The Growth of Federal Government Power in the Economy

Franklin Roosevelt was the president under whose administration the federal government's power, especially in regard to the economy, increased the most. This period, known as the New Deal era, marked a significant expansion of the government's role in the economy with various programs aimed at addressing the challenges of the Great Depression.

The New Deal Era

In response to the economic crisis of the 1930s, President Franklin Roosevelt introduced a series of programs and policies, collectively known as the New Deal. These initiatives were designed to provide relief, recovery, and reform to the American people and the economy.
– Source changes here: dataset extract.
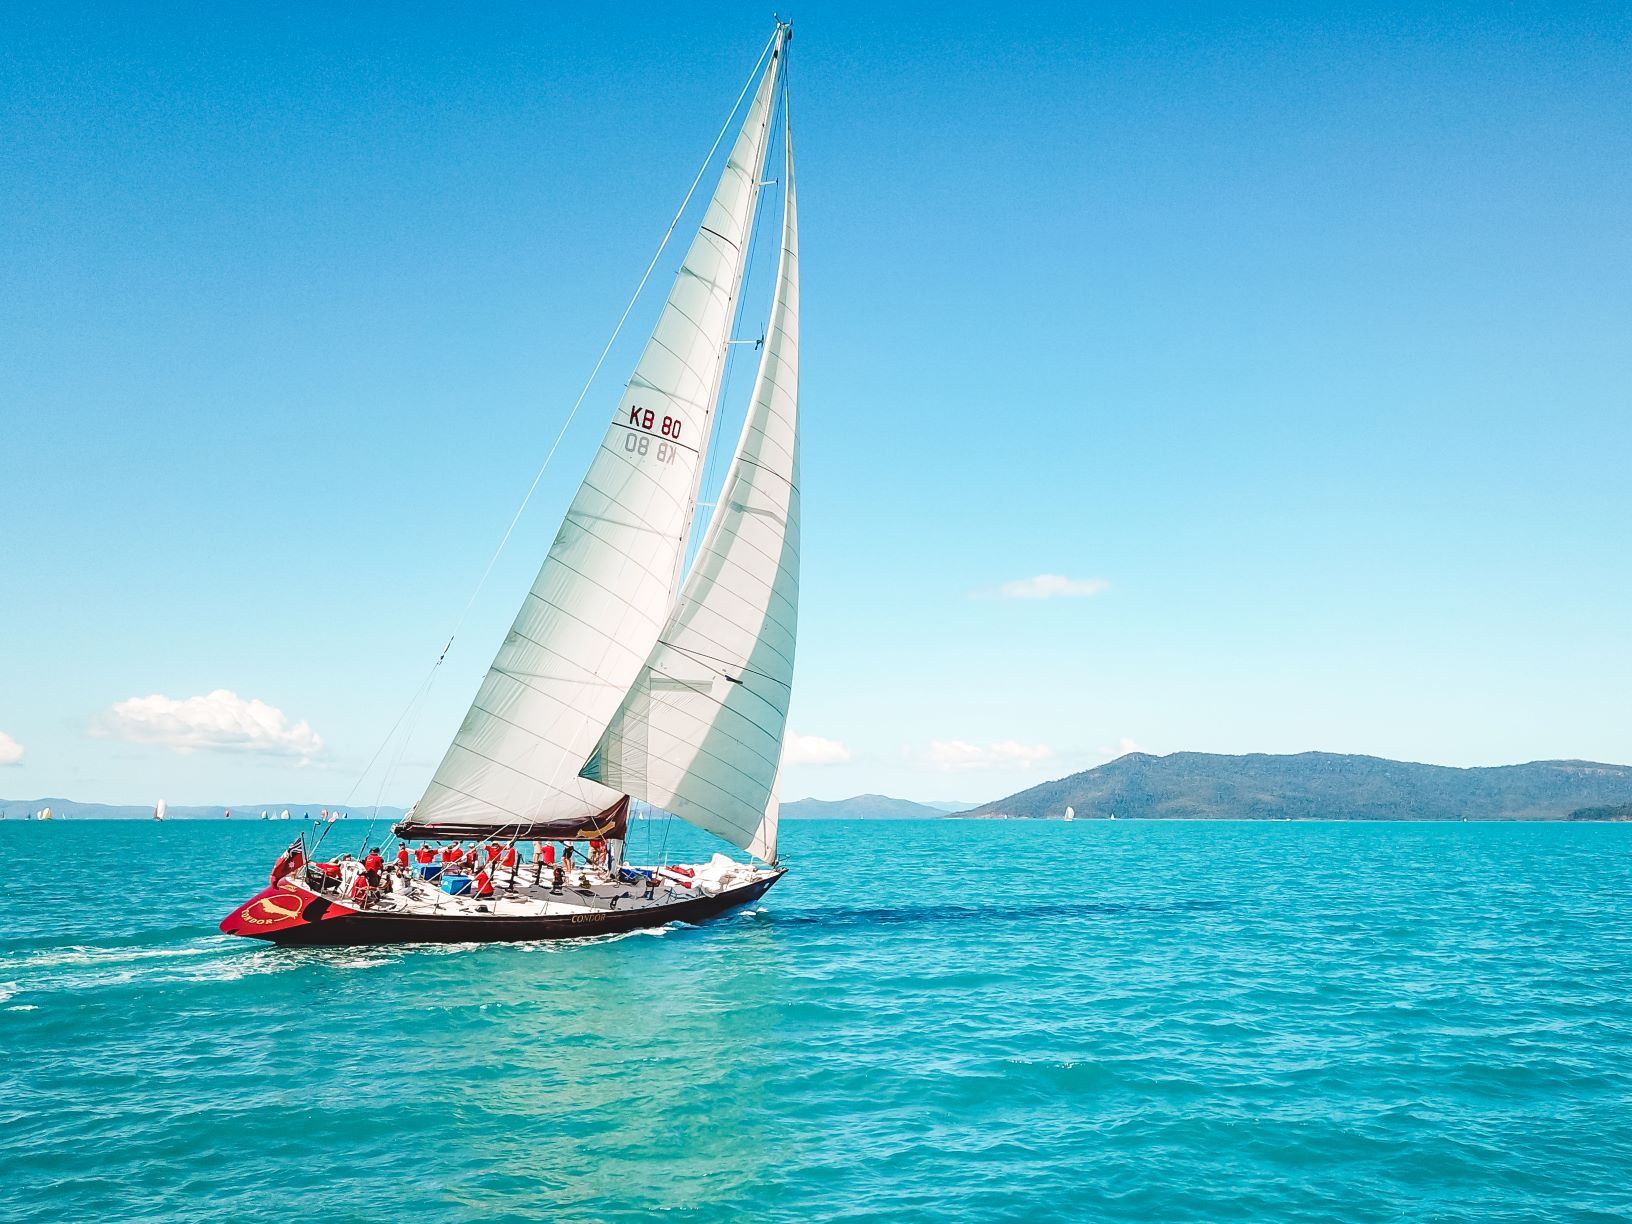 4 Day and 3 Night Whitsunday Maxi Sailing Adventure on Condor

Expansion of Government Power

During Roosevelt's administration, the federal government's power significantly increased through the implementation of various programs such as the Civilian Conservation Corps (CCC), the Works Progress Administration (WPA), and the Tennessee Valley Authority (TVA). These initiatives aimed to create jobs, stimulate economic growth, and provide vital infrastructure projects.

Legacy of the New Deal

The New Deal era had a lasting impact on the role of the federal government in the economy. It laid the foundation for future government interventions during times of economic hardship and shaped the modern welfare state. The increased government power during Roosevelt's administration set a precedent for the government's role in regulating the economy and ensuring the well-being of its citizens.

During which president's administration did the federal government's power, especially with regard to the economy, increase the most?
a. Woodrow Wilson
b. Franklin Roosevelt
c. Andrew Jackson
d. Theodore Roosevelt B. Franklin Roosevelt is your answer!